Traditionally, rain-fed conditions have been used to grow vineyards and olive groves. Nonetheless, irrigation practices have improved yields [
13]. Hence optimizing water resources is essential to properly manage both these crops. With grapevines, the life cycle assessment of wine, particularly the water footprint related to production, needs more efficient water use to either maintain or extend today’s economic markets [
14]. When freshwater is scarce in traditional olive and vineyard growing areas, alternative water sources have been employed, including reclaimed irrigation wastewater, which normally contains large amounts of minerals and organic matter [
15]. Moreover, soil salinity has increased, but does not necessarily affect crops [
16] as each rain event could reduce excess salinity by allowing soil’s ability to self-cleanse [
17]. Hence, good recycled water management as an alternative source to irrigating with conventional well water is fundamental to first obtain optimum harvest values so that farmers can maintain their adequate economic level, and second, to improve the sustainability of scarce water resources in countries like Spain or others in the Mediterranean Region within a European circular economic framework.
Agronomic TW suitability has been proven in many studies, designed and conducted under controlled conditions [
18,
19,
20]. However, experiments need to be directly carried out in the field to check whether this effectiveness can be applied to real situations. Researchers know that agronomic follow-up in these situations is a particularly complex practice because many factors must be considered when assessing outcomes. All in all, it is necessary to perform such experiments to be able to actually apply former knowledge.
Our study aims to determine differences among soils of the same vegetation type (vineyard, olive grove), but that have been irrigated with water of distinct qualities (freshwater, reclaimed water). We hypothesized that continuing irrigation on the studied agricultural land with treated wastewater would not harm soil or woody crops. The principle objective of this study was to assess soil response after being irrigated with treated wastewater for years. The aims of the present study were to: (i) initially compare the compositions of soils irrigated for years with reclaimed wastewater to others that have always been irrigated with freshwater in the same zone; (ii) monitor both soil and the applied irrigation water in two typical woody crops of the Mediterranean Region for 3 years running.
5. Conclusions
Utilization of wastewater for irrigation may be included in a fertilization strategy based on the sustainability aspect. Moreover, this type of water could be an alternative water resource.
The wastewater samples herein studied do not pose problems for being used in agricultural irrigation in relation to heavy metal contents (Al, As, Cd, Cu, Cr, Fe, Mn, Hg, Ni, Pb, Se, Zn), ecotoxicity, organic compounds like PAHs or PCBs or microbiological composition (helminth eggs: Taenia Saginata; Taenia Solium; Legionella sp and Salmonella sp).

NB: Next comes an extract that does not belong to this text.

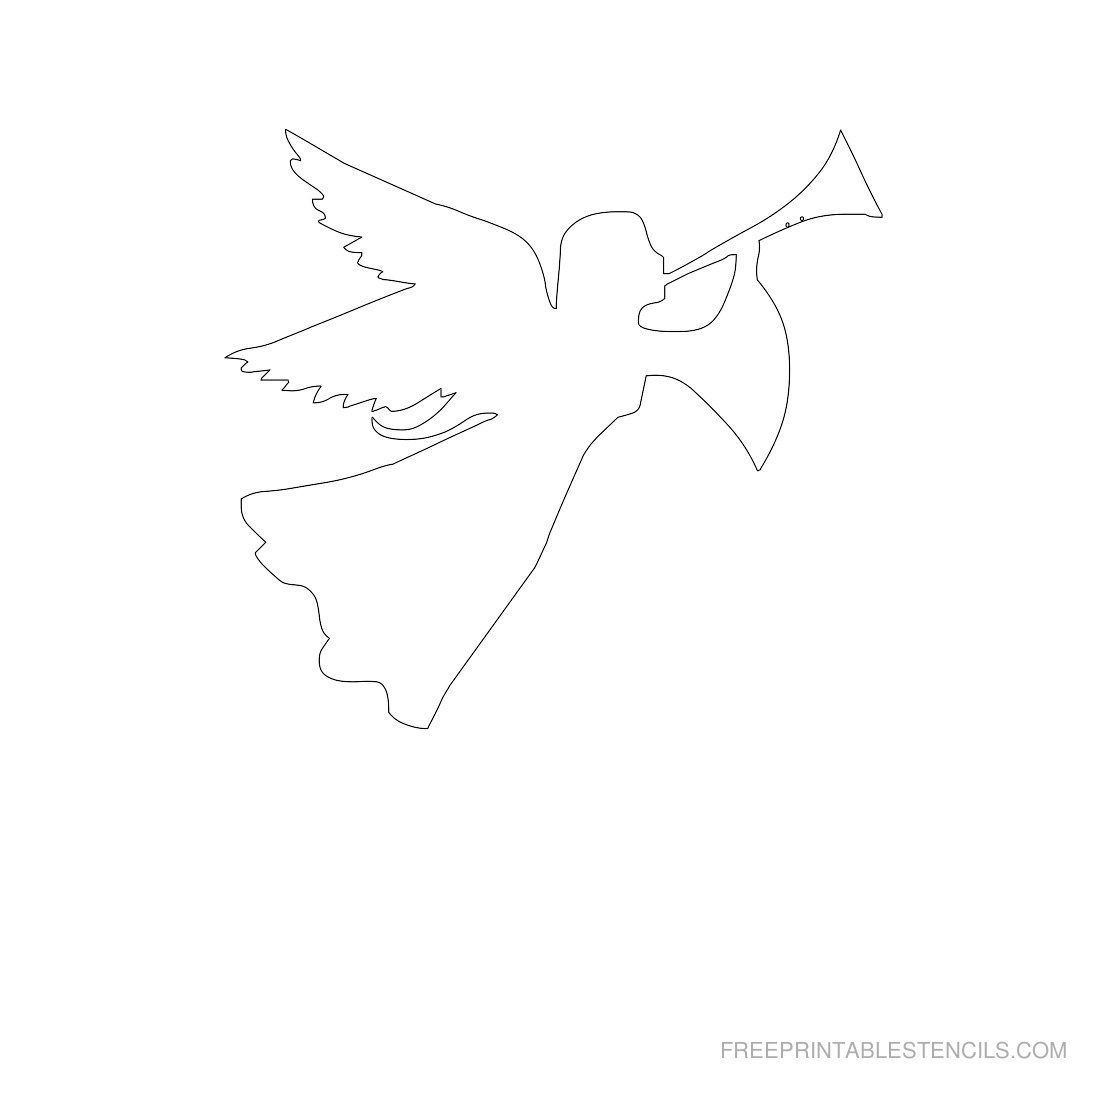 Pinstephanie Bargelski On Angels | Pinterest | Free Stencils - Free Printable Angels
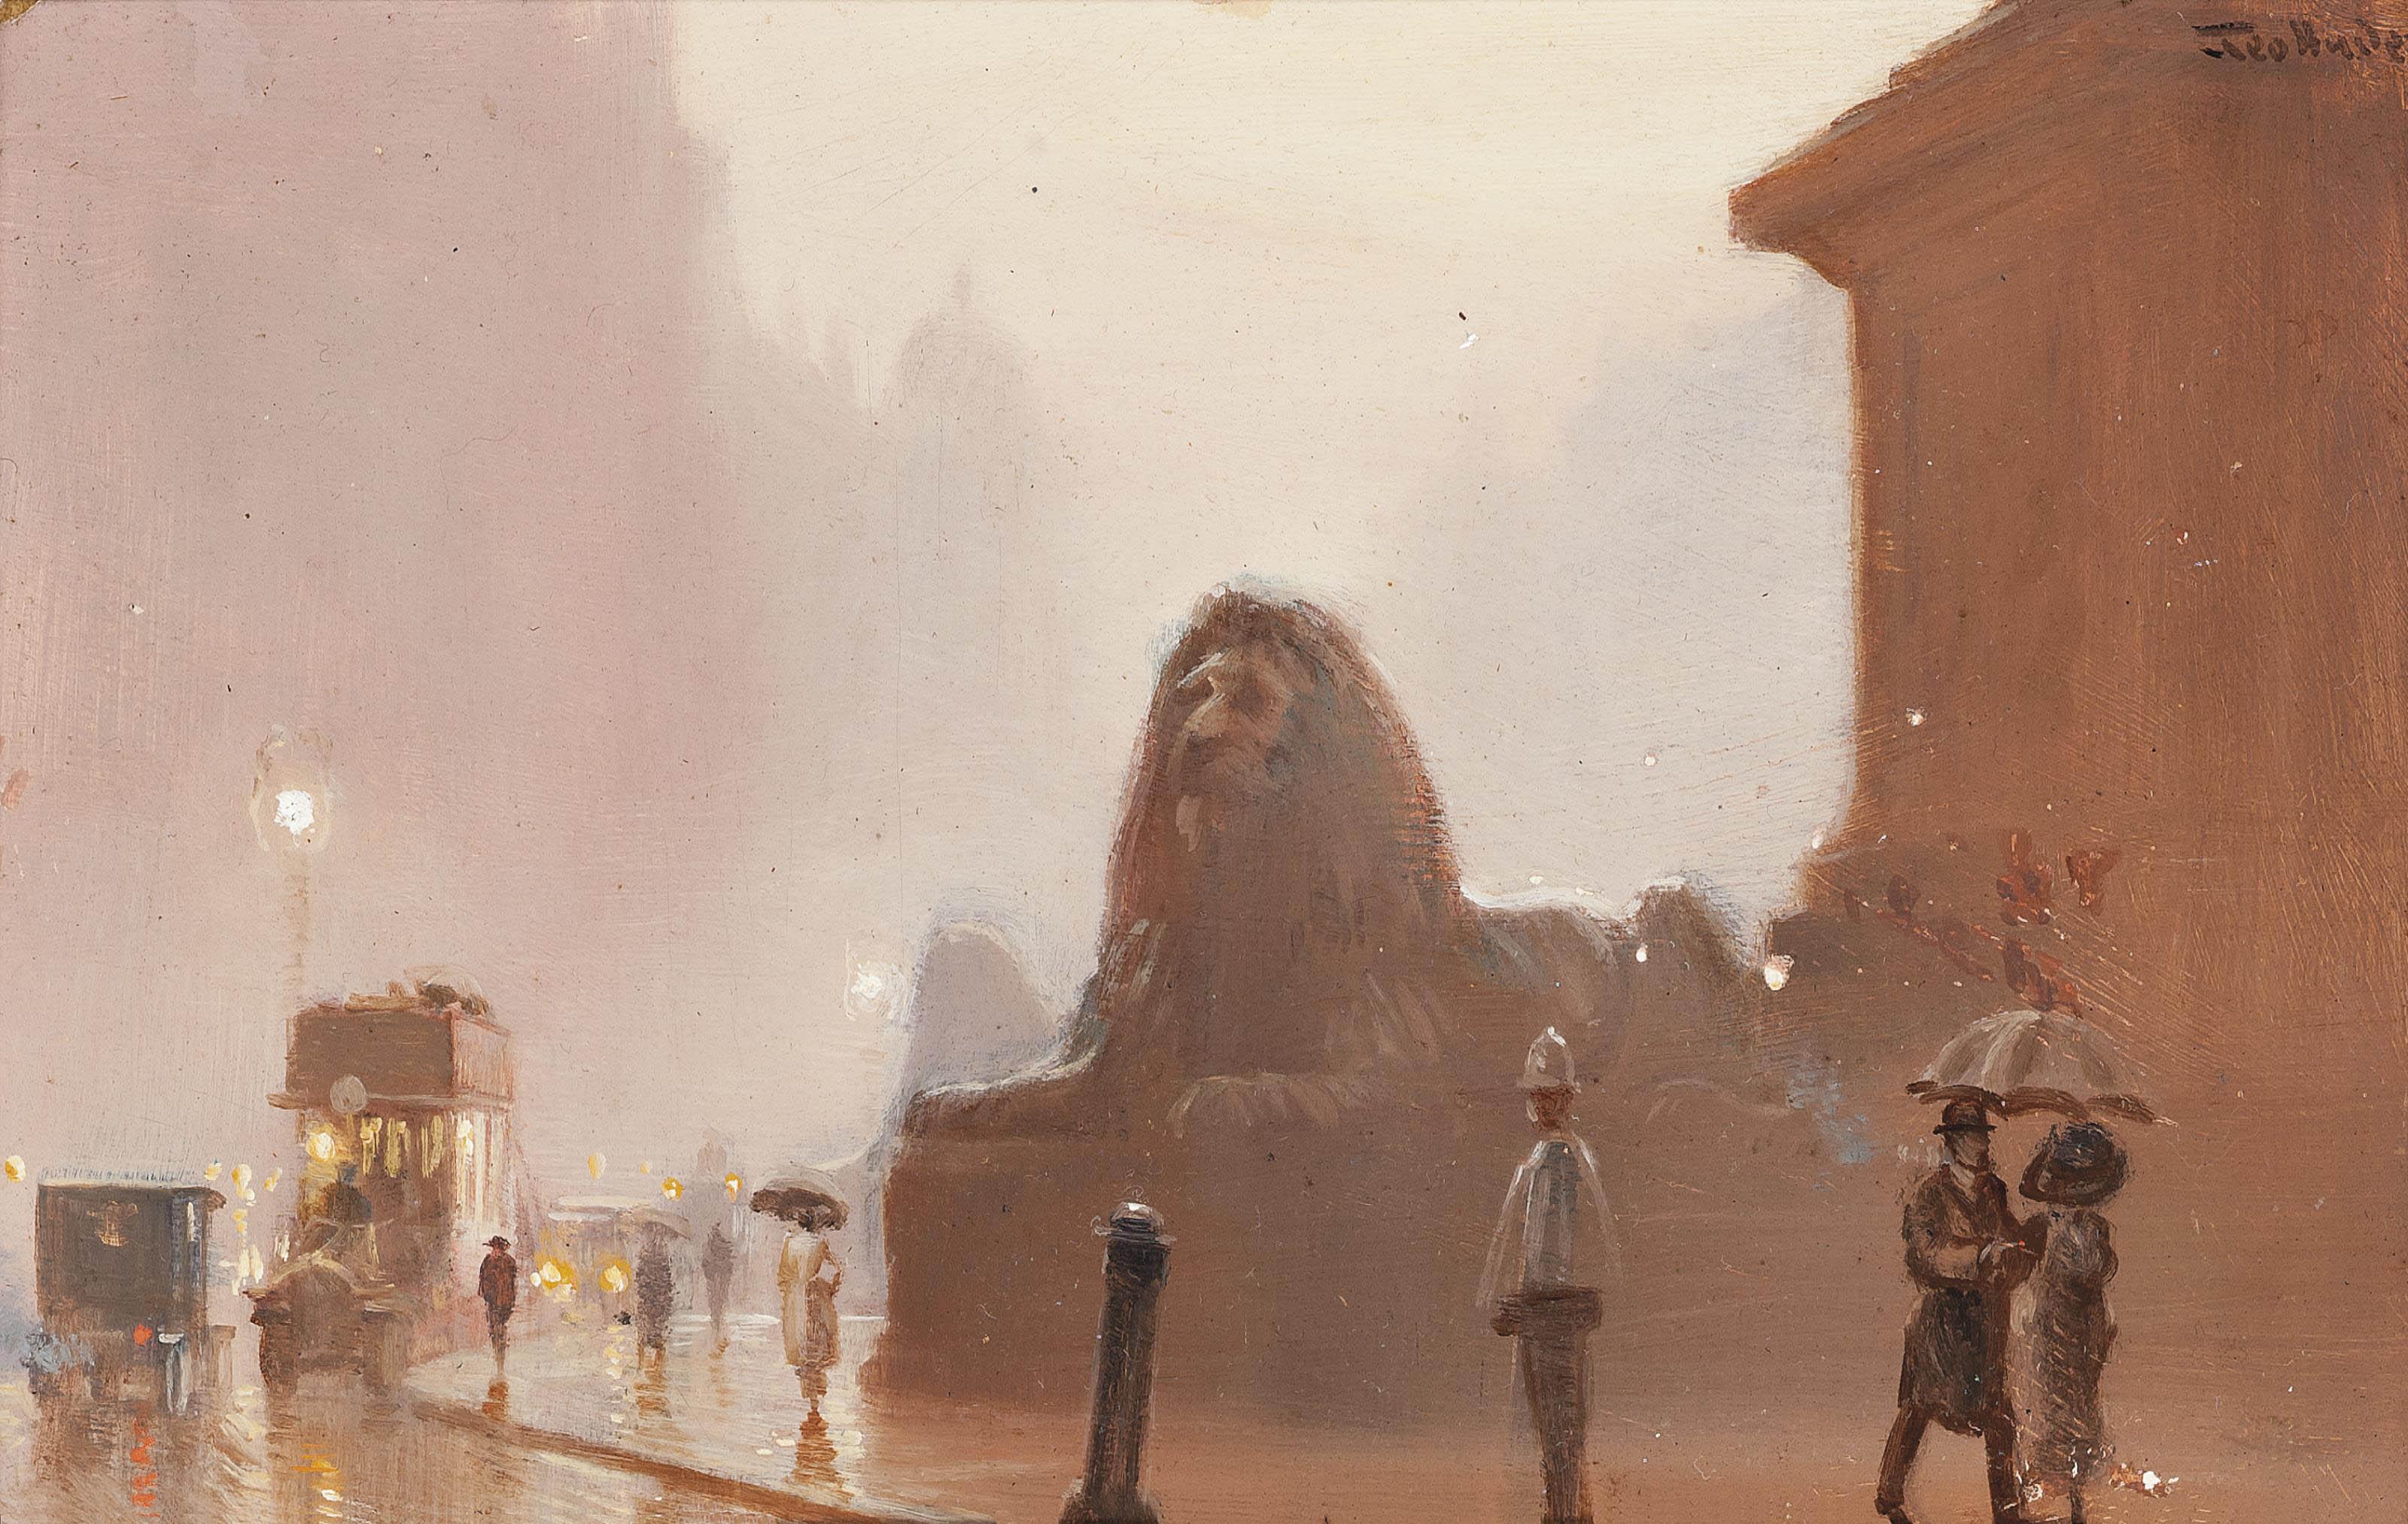 The British Lion, Trafalgar Square

Soils irrigated with TW versus those irrigated with conventional well water had higher values for electrical conductivity, N, K, Na, Mg, Mn and CEC. This represents an advantage for increasing the nutritional value of agricultural soil (bigger quantity of N, K, Mg and Mn) and better CEC compared to control soils. Nevertheless, the increase in Na in soil and high EC values could prove to be a long-term difficulty. Hence, the main parameter to be considered, for its potential harmful effect on soil, is a potential increase in salinity, although neither soil pH nor texture changed. All in all, the results obtained by the continuous monitoring of soil and water on agricultural plots with two different woody crops (olive grove and vineyard) are revealing as regards the agronomic aptitude of TW.
The future of water resource management policies involves sustainable wastewater reuse within a circular economy frame, because this is the only way to guarantee everyone solidarity access to water.